Competitive forces and market dynamics in many industries have led more organizations to focus on digital transformation projects to modernize their applications. A key driver for these projects is improving customer experience. To be successful, organizations must provide a stellar experience at each juncture of the customer journey to gain a competitive advantage.
Customers always have a choice to leave for a competitor if their experience isn’t up to expectations. To optimize the customer experience, organizations must rely on data analysis to identify customer patterns, trends and behavior to identify, attract and retain customers.
The power of consumer choice
In competitive markets, consumers can easily switch to a competitor’s offering if they are frustrated with or unable to navigate through the buying process. So many kinds of obstacles may derail the consumer, such as:
- Too many steps in the registration process
- Preferences are not saved across login sessions
- Forcing multiple login steps across different product lines or services
- Mobile and desktop browser experiences are completely different, leading to confusion
- Presenting upsell or cross-sell choices that are irrelevant to the current online experience
Of course, a positive or negative customer experience is considerably based on the design and flow of the application - mobile or desktop browser. In addition, profile data and usage patterns are key inputs into application behavior which can be based on an individual’s data or aggregated data patterns.
However, meaningful data analysis requires access to personal and confidential customer information, potentially leaving organizations at risk of mishandling that data, and exposing it via a breach or unauthorized access. Customers care deeply about the security and privacy of their personal data and organizations who fail to protect this sensitive data will lose customers, revenue and may even face regulatory fines. High-profile data breaches continue to expose massive amounts of consumer data. And with the impact from 2017 breaches like Equifax and Uber, there is both awareness and rising public concern over data privacy - and where security was an afterthought, it’s now taking center stage.
Consumer Identity and Access Management (CIAM) to the rescue
The consequences of a data breach are immediate to a company’s reputation, share value and customer loyalty. Most organizations implement an Identity and Access Management (IAM) solution for employees to protect themselves against insider threats, but these are less effective for managing customer identities. IAM solutions often lack the functions that balance the trifecta of customer convenience, security and privacy; they’re simply too limited to handle the scale, performance and often complex customer-centric needs. However, progressive Customer Identity and Access Management (CIAM) solutions strike that balance of protecting customer information while enhancing the customer experience, without sacrificing one for the other.
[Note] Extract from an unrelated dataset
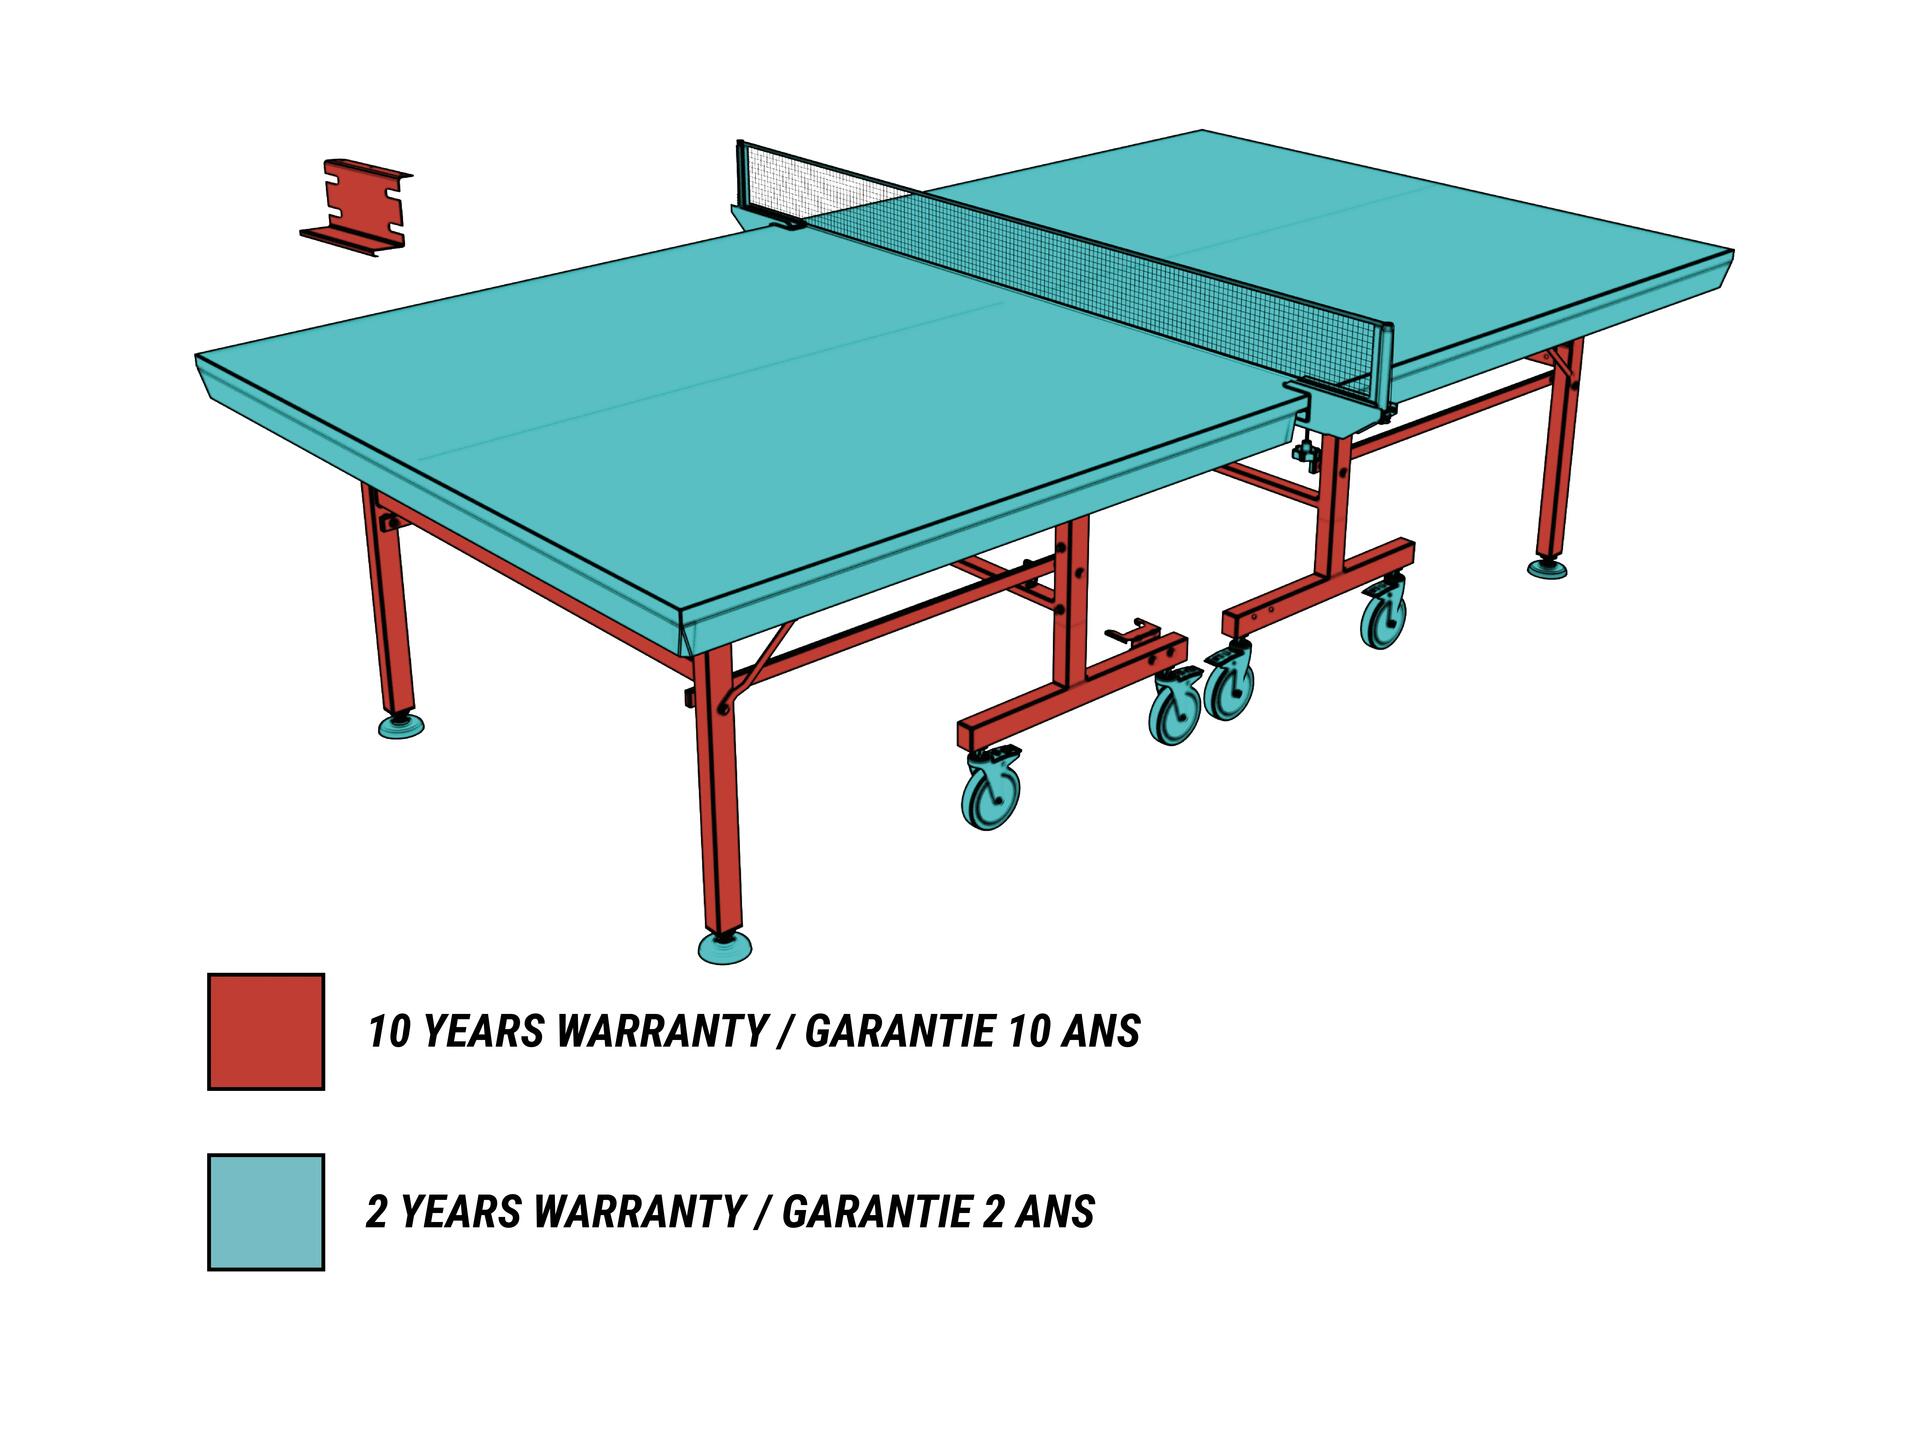 OUR TABLES COME WITH A TEN-YEAR WARRANTY

CIAM allows organizations to securely capture and manage customer identity profile data while also controlling customer access to applications and services. A CIAM solution provides a multitude of features like customer registration, self-service account management, consent and preference management, single sign-on (SSO) and multi-factor authentication (MFA). These features deliver a flawless customer experience while minimizing the chance of a security breach. Here’s how:
Improve the customer experience
The goal is to make everything simpler for the customer. Forcing customers to provide their credentials over and over for each application can get annoying, and sometimes the customer will just leave the application altogether. And now it’s more than only web applications that require user credentials, there are also mobile applications, IoT, partner applications and many other channels. With CIAM, customs can use a single sign-on (SSO) from one application to another, reducing user frustration. For example, customers are much more likely to use certain applications if they offer Google or Facebook authentication instead of their own. This delivers a more seamless customer experience as customers can quickly sign into websites with one SSO.
Secure customer data
Businesses need to make sure only authorized users attempt any given action (e.g., transferring money from checking to savings). Often, security is viewed as an inhibitor and a hurdle to business, but it actually can be a key differentiator over your competitors. CIAM solutions manage the customer’s preferences and other important metadata that can be leveraged by Attribute-Based Access Control (ABAC) systems to enforce security policies on PII and other regulated data.
Ensure data privacy
With CIAM, knowing what data is being held and shared and for what purpose, becomes fundamental. The constant stream of data breaches is beginning to raise consumer awareness about who is tracking their data, where it is stored/aggregated and who it is being shared with. In Europe, the GDPR legislation enumerates specific requirements for customer data collection, retention, use and so on. CIAM systems can be a key component to manage this preference data.
CIAM encompasses all these capabilities to assist organizations to deliver the right balance between a seamless customer experience with security and privacy. CIAM is essential to help organizations turn their customer relationships into a true competitive advantage.